Cumartesi Anneleri/İnsanları, gözaltında kaybedilen yakınlarının akıbetini sormak ve faillerin yargılanmasını talep etmek için düzenledikleri eylemin 1080’incisini Galatasaray Meydanı’nda gerçekleştirdi. Bu haftaki eylemde, 32 yıl önce Urfa’nın Siverek ilçesinde gözaltına alındıktan sonra kendisinden bir daha haber alınamayan Hüseyin Taşkaya’nın akıbeti soruldu. Basın açıklamasını İHD MYK Üyesi Eren Keskin okudu.

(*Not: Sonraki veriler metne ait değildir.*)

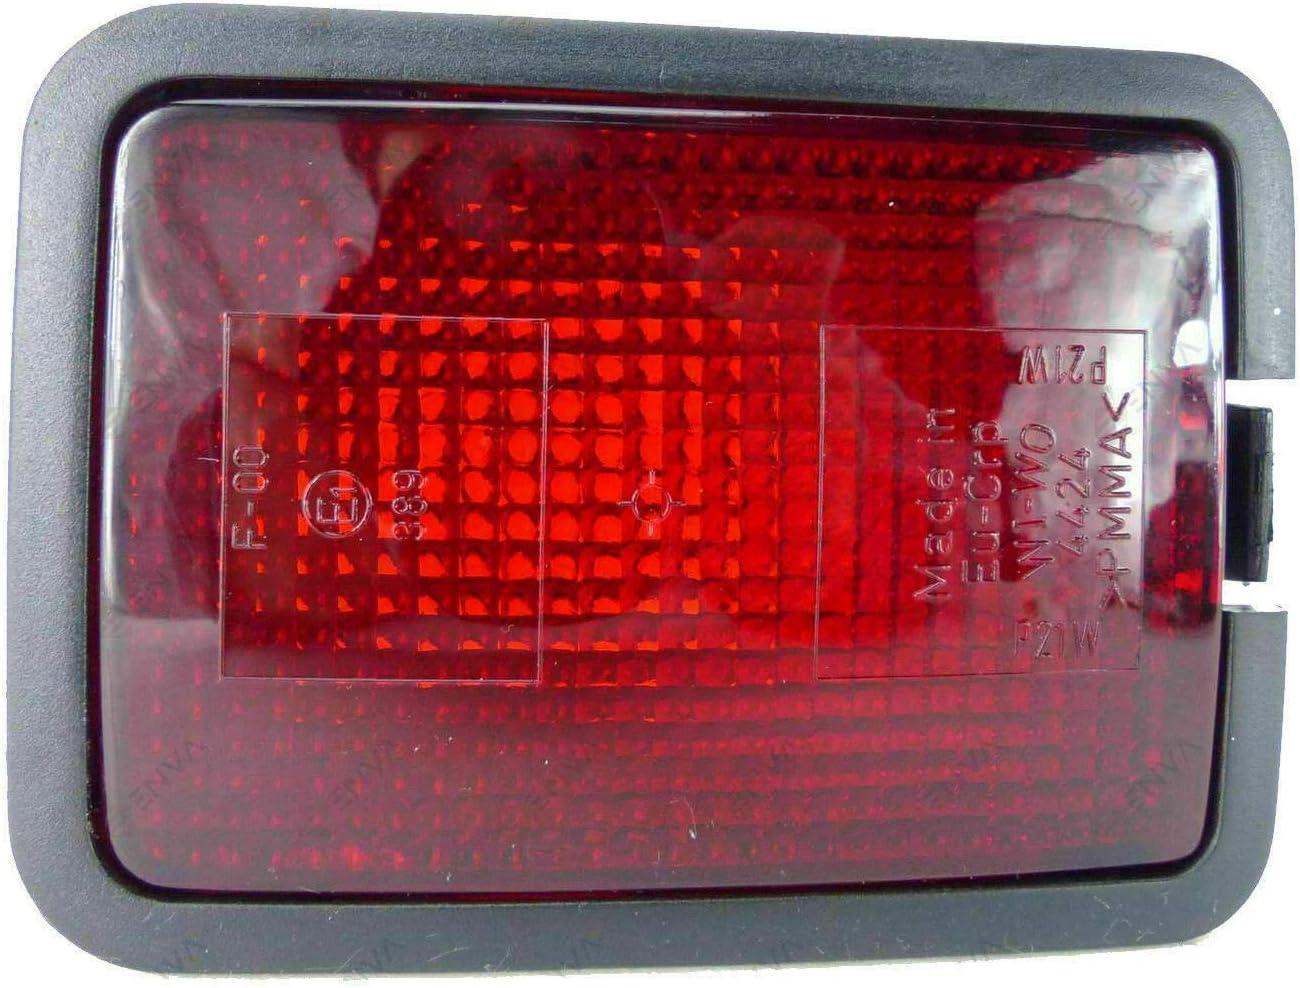 Feu antibrouillard arri/ère pour Caravelle Transporter T4 1990-2003 7D0945729
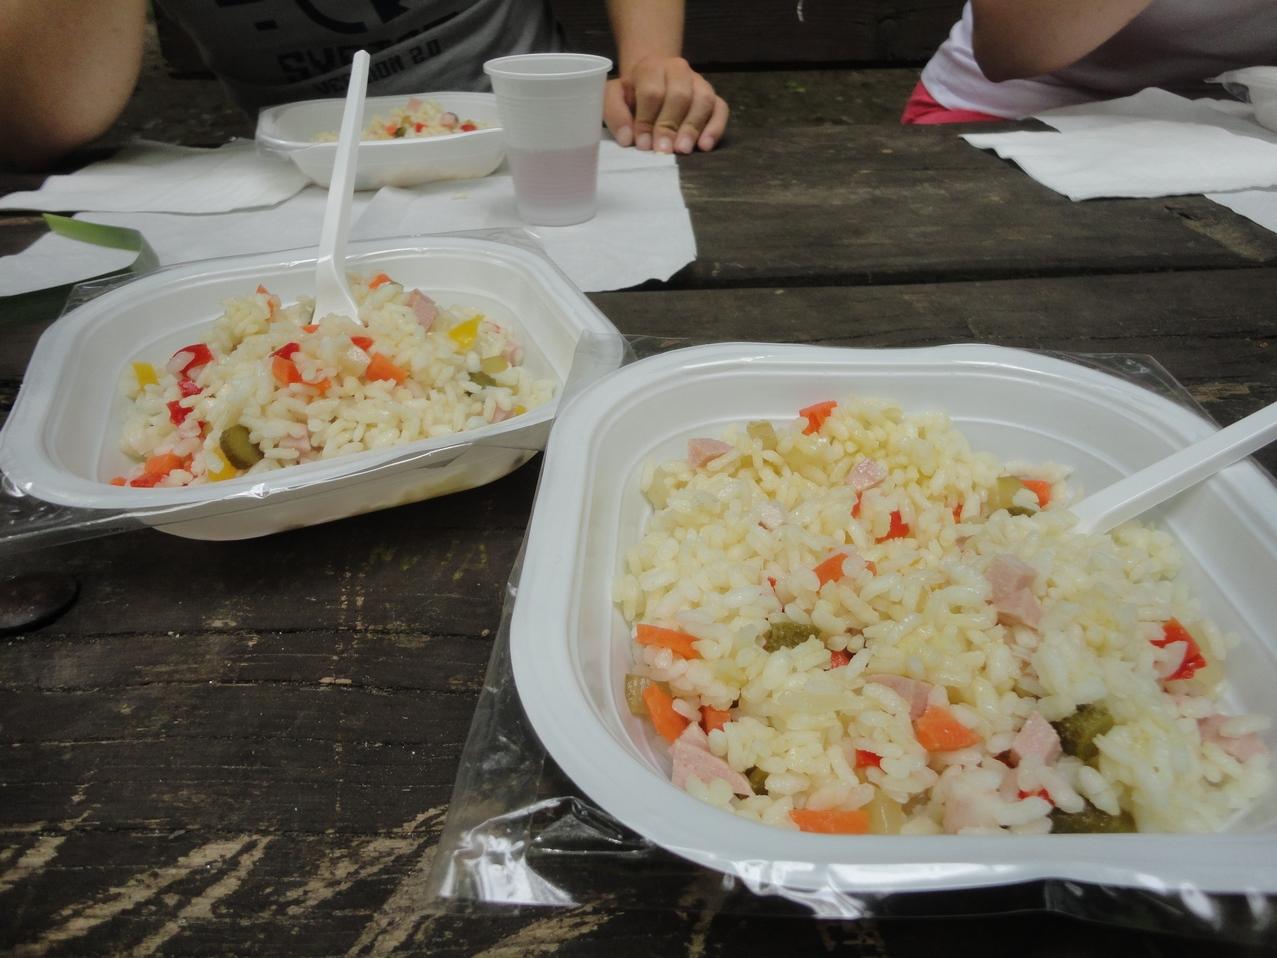 foto 11 picnic (Copia).JPG

Gözaltında kaybetmeler devlet politikasıdır
Eren Keskin, Türkiye’de gözaltında kaybetmelerin uzun yıllardır bir devlet politikası olarak uygulandığını belirterek, kayıpların akıbetini ortaya çıkaracak ve failleri cezalandıracak etkili soruşturmaların yürütülmediğini söyledi. Devletin, kayıp yakınlarına bilgi vermeyerek onları işkenceyle baş başa bıraktığını kaydetti.
Hüseyin Taşkaya nasıl gözaltına alındı?
Keskin, Hüseyin Taşkaya’nın 1990’larda Siverek’te yaşanan ağır hak ihlallerini eleştirdiği için hem güvenlik güçlerinin hem de Bucak Aşireti’nin hedefi hâline geldiğini aktardı. Ailesini İstanbul’a gönderdiğini, kendisinin ise bir süre amcasının evinde kaldığını belirtti.
6 Aralık 1993’te, amcanın Siverek/Bağlar Mahallesi’ndeki evine asker, polis ve Bucak Aşireti’ne bağlı koruculardan oluşan yaklaşık 30 araçlık konvoy geldi. Taşkaya zorla gözaltına alınarak askeri bir araca bindirilip götürüldü. Olay, mahalleli ve akrabaların tanıklığında gerçekleşti. Aile ise jandarma, emniyet, savcılık ve valilik arasında cevapsız bırakıldı.
Soruşturma takipsizlikle kapatıldı
Keskin, askeri yetkililerin Taşkaya’yı polise teslim ettiklerini iddia ettiğini, emniyetin ise “Bizde yok, Sedat Bucak’a sorun” diyerek sorumluluğu reddettiğini belirtti. Dönemin DYP milletvekili ve korucubaşı Sedat Bucak’ın ise “Ekip aldı, devlete teslim etti; sonrası devletin bilgisi dahilindedir” dediğini aktardı.
Tüm tanıklıklara rağmen Siverek Cumhuriyet Başsavcılığı olayı “ailenin soyut iddiası” olarak değerlendirerek takipsizlik kararı verdi.
“Adalet istemekten vazgeçmeyeceğiz”
Hüseyin Taşkaya’nın kaybedilişinin 32’nci yılında bir kez daha adalet çağrısı yapan Keskin, “Ailenin, Hüseyin Taşkaya’nın akıbetini ve faillerin kimliklerini bilmeye hakkı vardır. Etkili bir soruşturma ve kovuşturma başlatın” dedi.
Keskin, “Kaç yıl geçerse geçsin, Hüseyin Taşkaya ve tüm kayıplarımız için adalet istemekten vazgeçmeyeceğiz” sözleriyle açıklamayı sonlandırdı.